**About this exercise**
The material below includes pictures; leave them out and return only the lines between the line containing "Chandni Sharma" and the line containing "Mr Fox Deluxe Costume for Kids & Tweens", inclusive, word for word.

**Data provided**
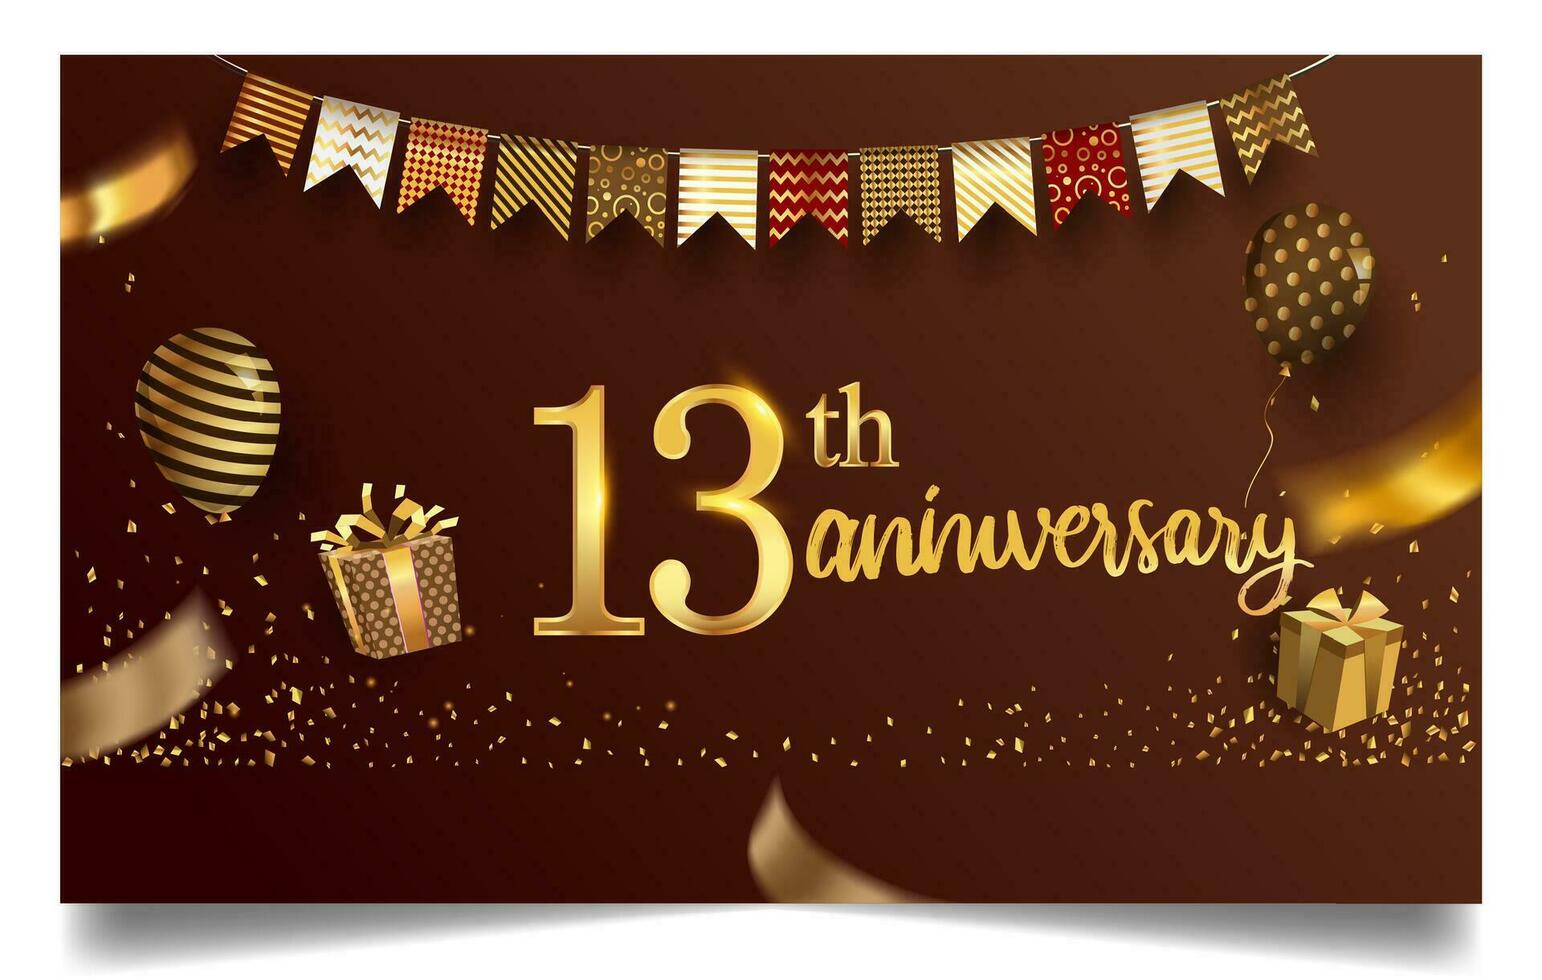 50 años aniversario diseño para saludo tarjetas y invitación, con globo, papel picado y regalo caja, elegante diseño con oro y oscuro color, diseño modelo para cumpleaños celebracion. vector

--

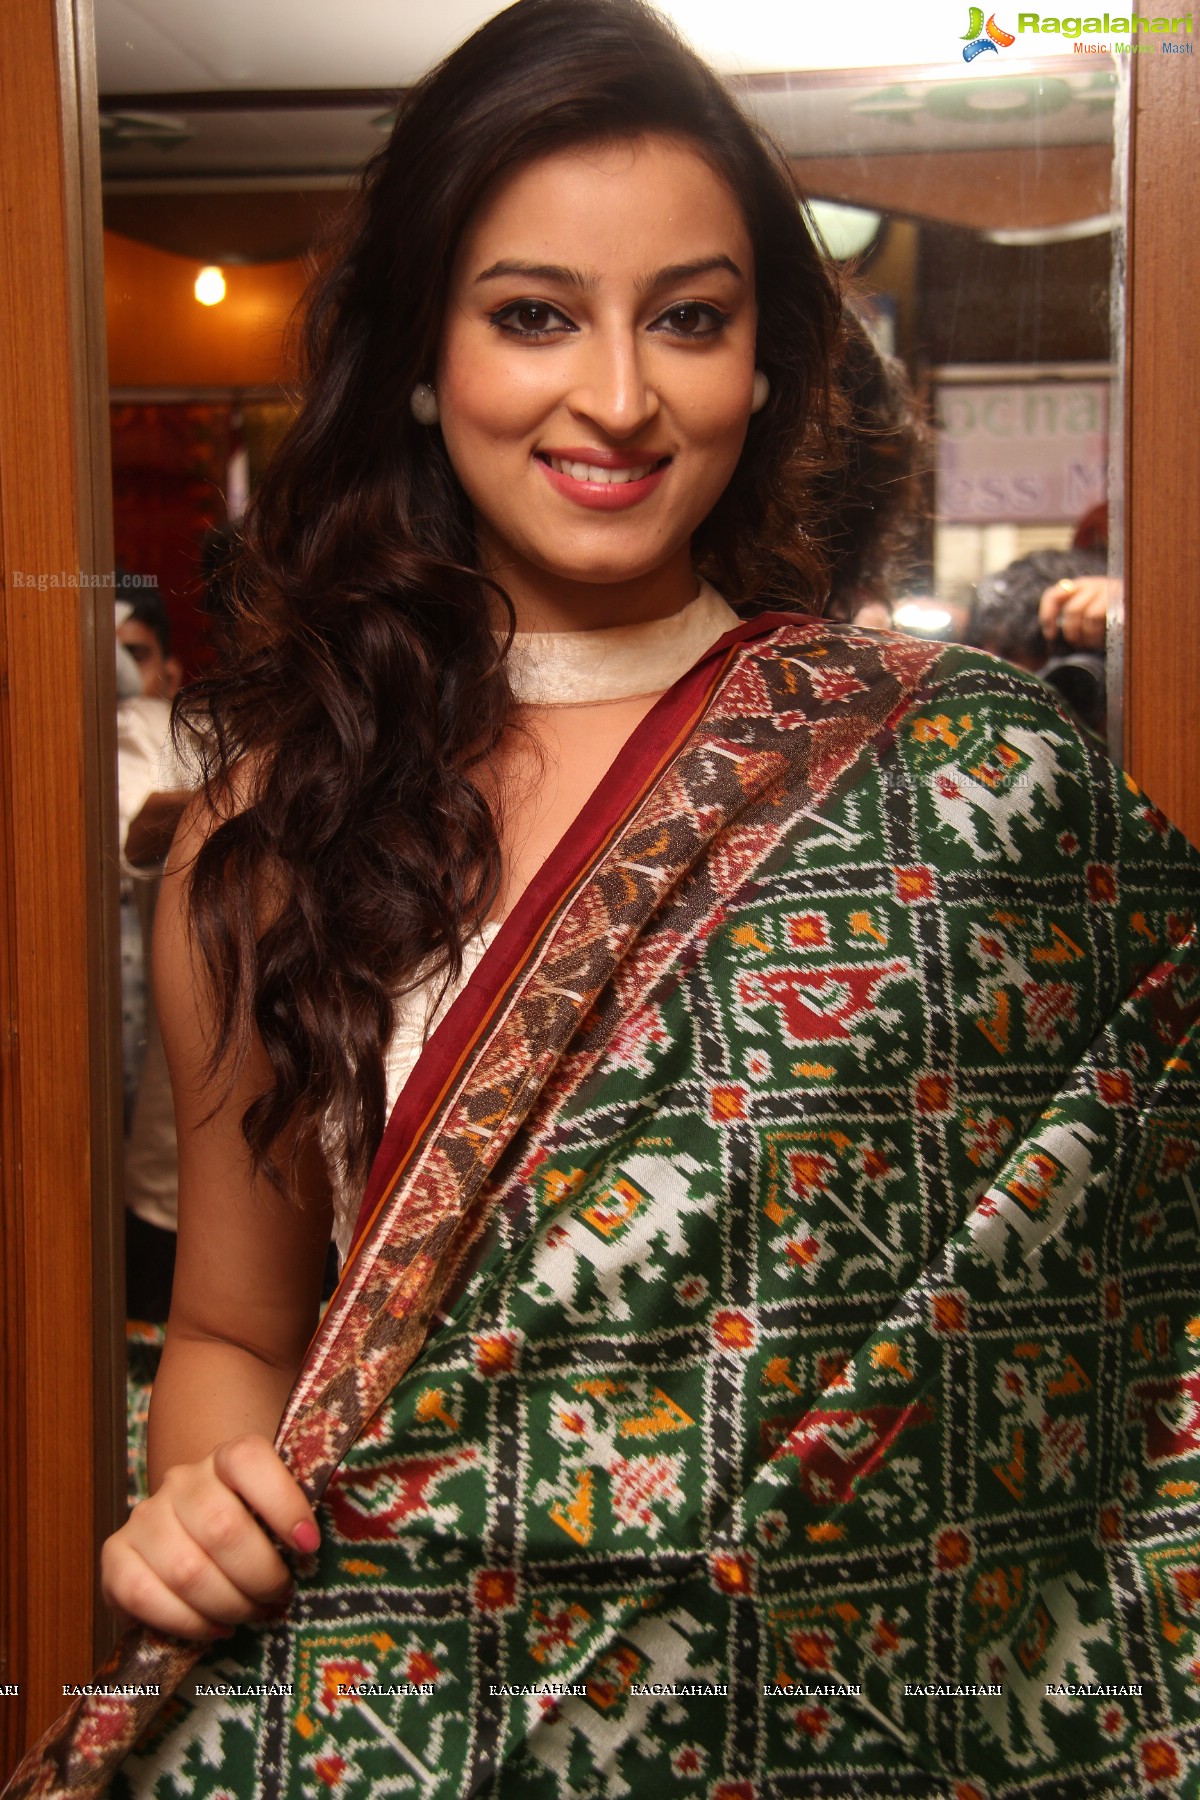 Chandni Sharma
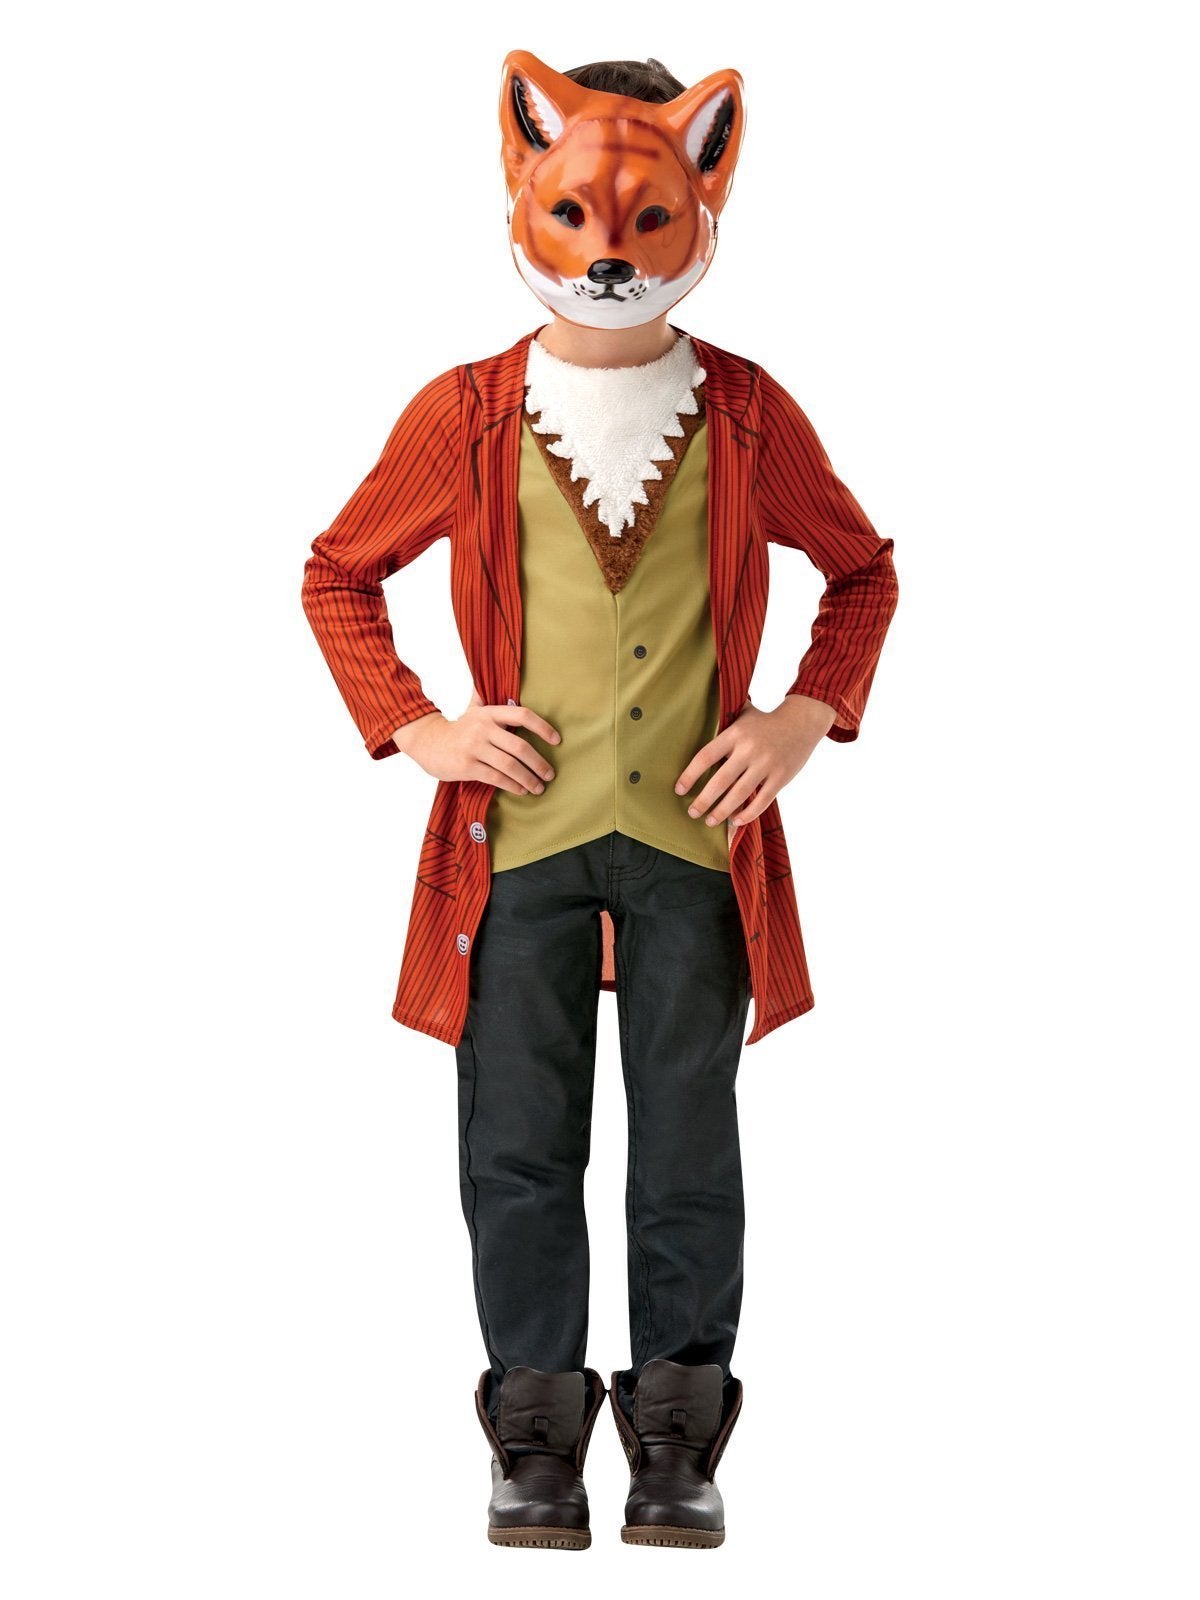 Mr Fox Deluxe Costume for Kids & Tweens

* * *

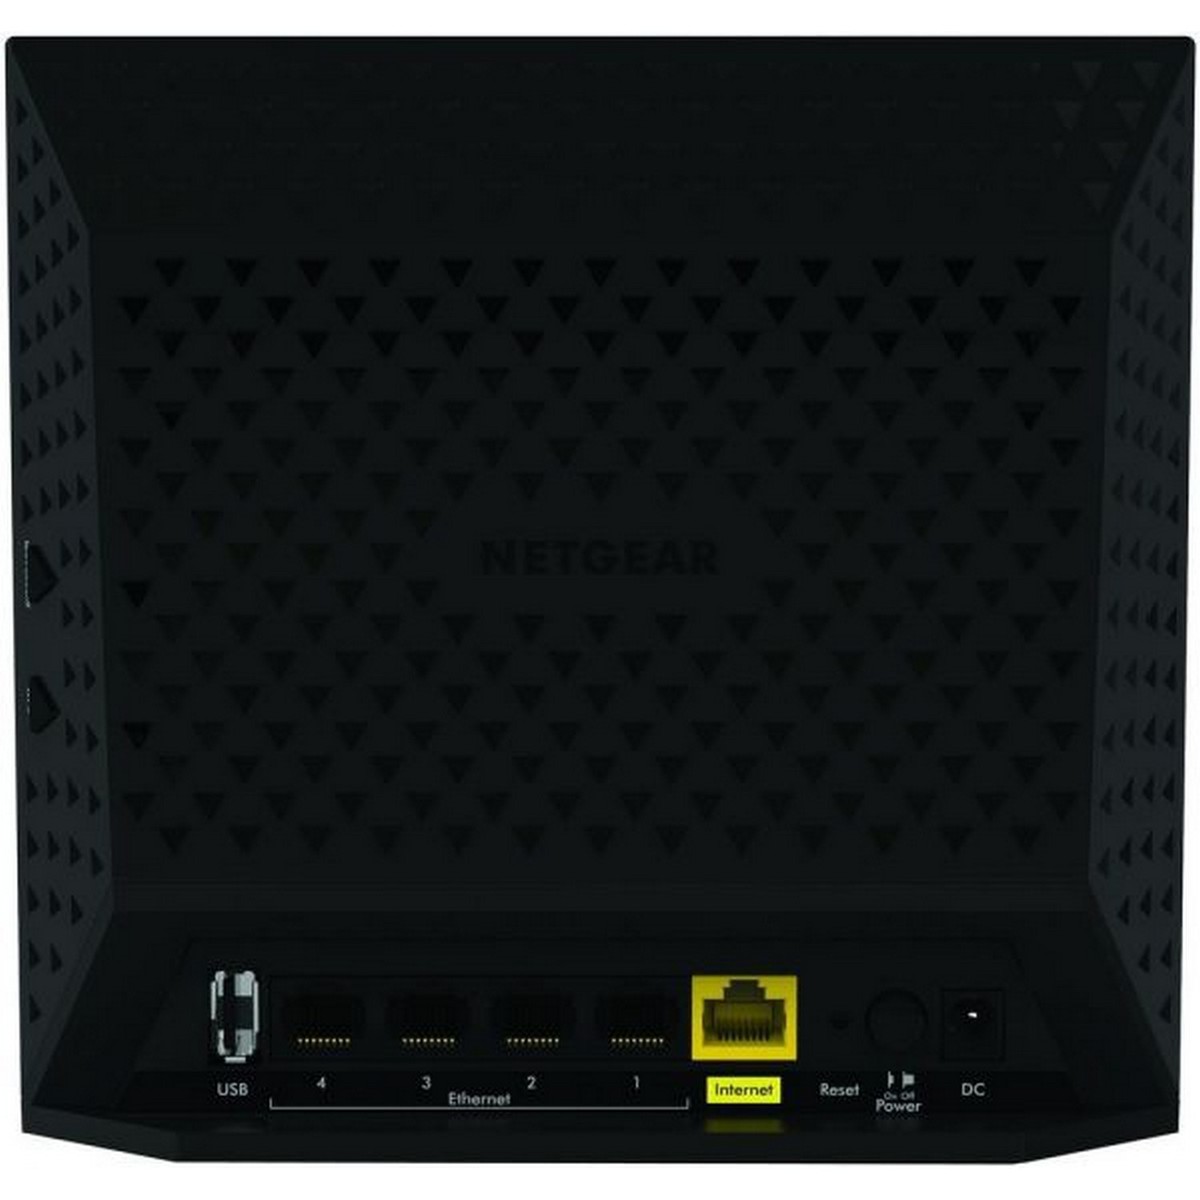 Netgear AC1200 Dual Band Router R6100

**Solved problem**
 Chandni Sharma
 Mr Fox Deluxe Costume for Kids & Tweens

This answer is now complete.